A 2011 IPO, raising $75 million or so, gave a payout to VCs and employees, who then owned 37 percent of the company, and a booster shot to R&D and the sales force. InvenSense then controlled 10 percent of the consumer MEMS market; today it’s nearly 40 percent, according to Abdi. And drawing excellent reviews. “Their device is superior,” says Andrew Uerkwitz, an analyst at Oppenheimer.
What’s next? Expansion. “Steve brought the company from the kitchen table to a billion-dollar valuation,” says Joe Seeger, director of MEMS development and an early hire. Rapidly growing along with worldwide smartphone sales, sensors should account for almost half of the $12 billion in MEMS chips by 2017.
Over the past year InvenSense has doubled capacity. It’s investing heavily in software that sits on a miniprocessor attached to sensors that handle simple computations that otherwise fall to a phone’s or tablet’s main processor. “The sensor should be smart enough to do at least some lower-level activities and save the battery,” says Abdi.

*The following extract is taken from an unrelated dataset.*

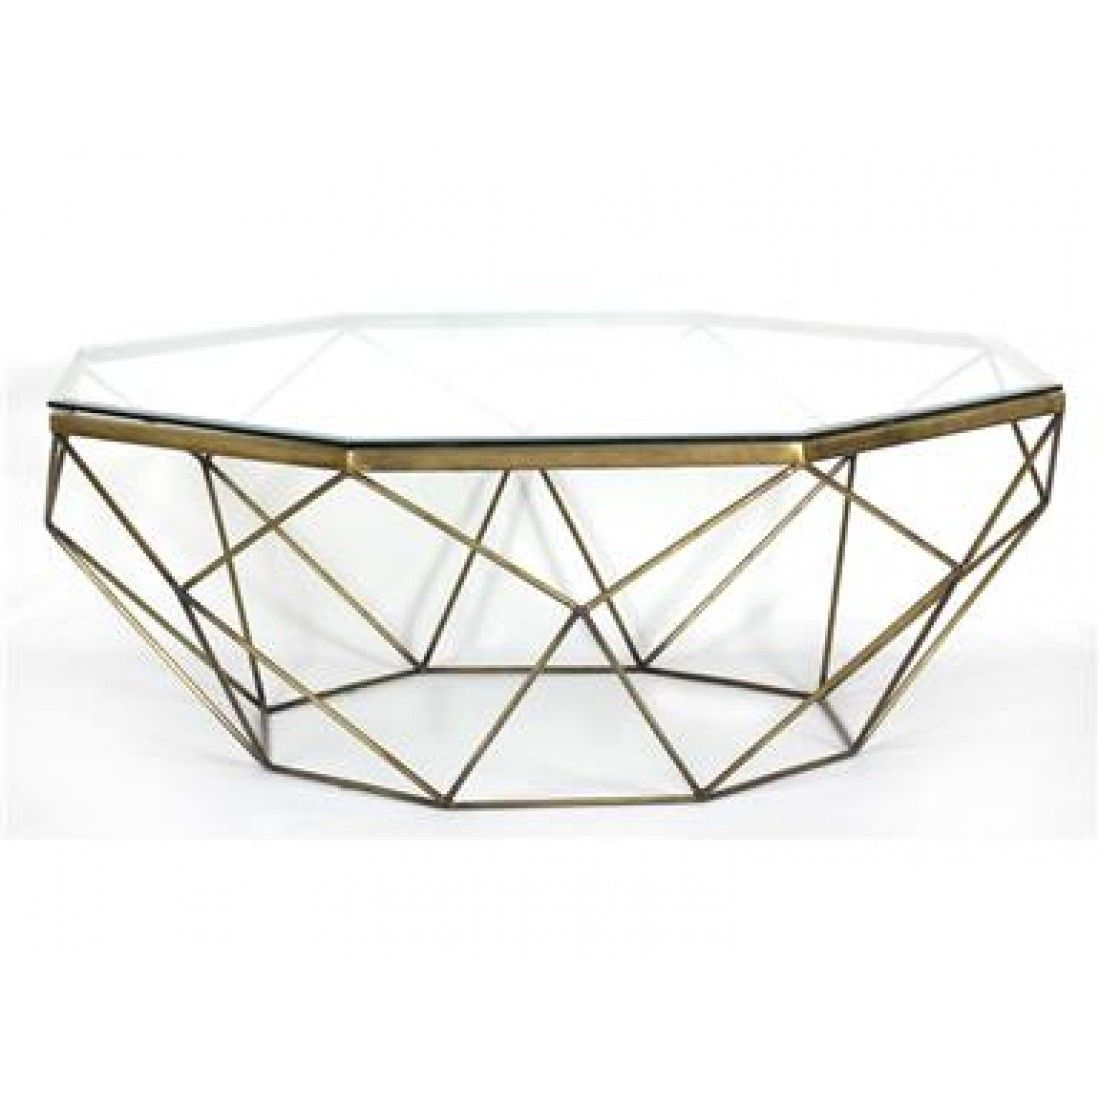 Marlow Geometric Coffee Table Antique Brass Geometric Coffee

Sensor technology will push into new areas, like air pressure and accelerometer devices that augment GPS and indoor navigation, pedometers that serve as activity monitors, and image stabilisers for cameras in smartphones. “The cloud is getting smarter,” says Abdi. “It’s going to sense where you are, what you’re doing and how you’re doing.” It’s easy to see how sensors could play a role monitoring the elderly, along with other health care applications.
“You will see a very marked difference in the future of the company,” he says. Maybe even in the next teardown of an Apple device.